(a)  Provided that mobile nuclear medicine services shall be limited to clients who do not have a specific radioactive material license for the same services, unless the client's specific license specifically authorizes the use of such mobile services, the agency will license a mobile nuclear medicine service for the following services:

(1)           uptake, dilution and excretion;

(2)           imaging and localization;

(3)           sealed sources for diagnosis; and

(4)           certain in vitro clinical or laboratory testing.

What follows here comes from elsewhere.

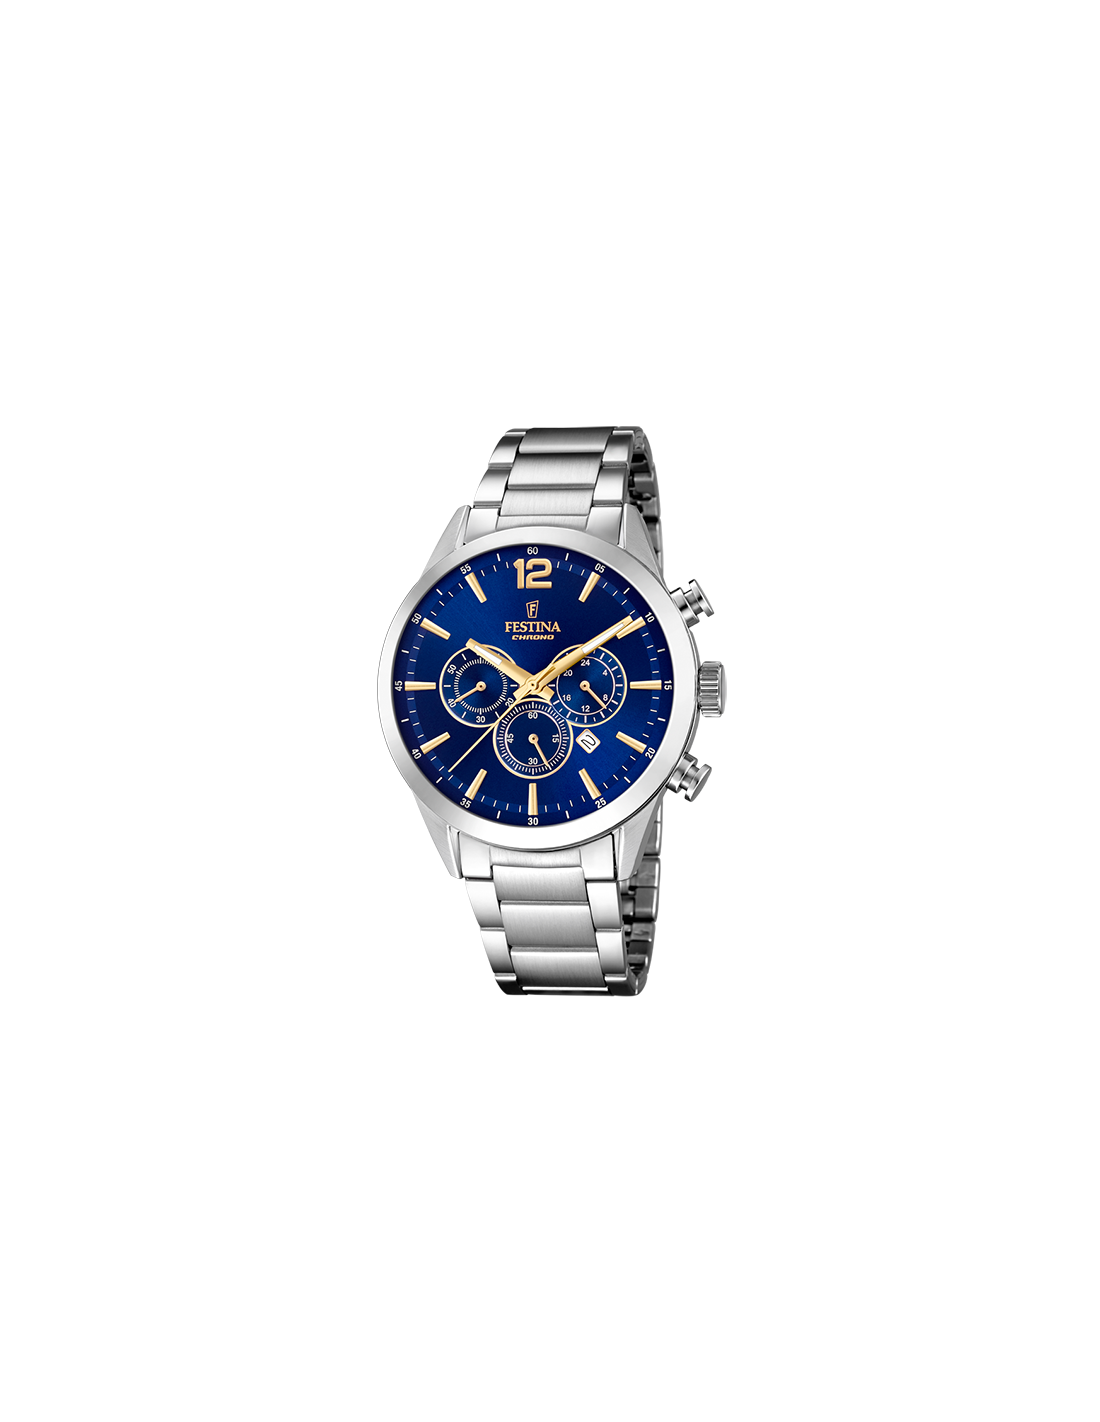 829814713204 Reloj Festina hombre F20343 2 cronógrafo

(b)  The mobile nuclear medicine service licensee shall:

(1)           obtain a letter signed by the management of each client for which services are rendered that authorizes the licensee to use radioactive material at the client's address of use;

(2)           retain the letter for two years after the last provision of service;

(3)           not order radioactive material to be delivered directly from the manufacturer or distributor to the client's address of use;

(4)           transport to each address of use only syringes or vials containing prepared radiopharmaceuticals or radiopharmaceuticals that are intended for reconstitution of radiopharmaceuticals kits;

(5)           bring into each address of use of all radioactive material to be used and before leaving, remove all unused radioactive material and all associated waste;

(6)           secure or keep under constant surveillance and immediate control all radioactive material when in transit or at an address of use;

(7)           check survey instruments, dose calibrators and all other transported equipment for proper function before medical use at each address of use;

(8)           carry a radiation detection survey meter in each vehicle that is being used to transport radioactive material and, before leaving a client address of use, survey all radiopharmaceutical areas of use with a radiation detection survey meter to ensure that all radiopharmaceuticals and all associated waste have been removed; and

(9)           retain a record of each survey required in Subparagraph (b)(8) of this Rule for two years, where such records shall include:

(A)          the date of the survey,

(B)          a plan of each area that was surveyed,

(C)          the measured dose rate at several points in each area of use expressed in millirem per hour,

(D)          the instrument used to make the survey; and

(E)           the initials of the individual who performed the survey.


History Note:        Filed as a Temporary Amendment Eff. August 20, 1994 for a period of 180 days or until the

permanent rule becomes effective, whichever is sooner;

Authority G.S. 104E‑7(a)(2); 104E‑10(b);

Eff. June 1, 1989;

Amended Eff. May 1, 1995;

Transferred and Recodified from 15A NCAC 11 .0351 Eff. February 1, 2015.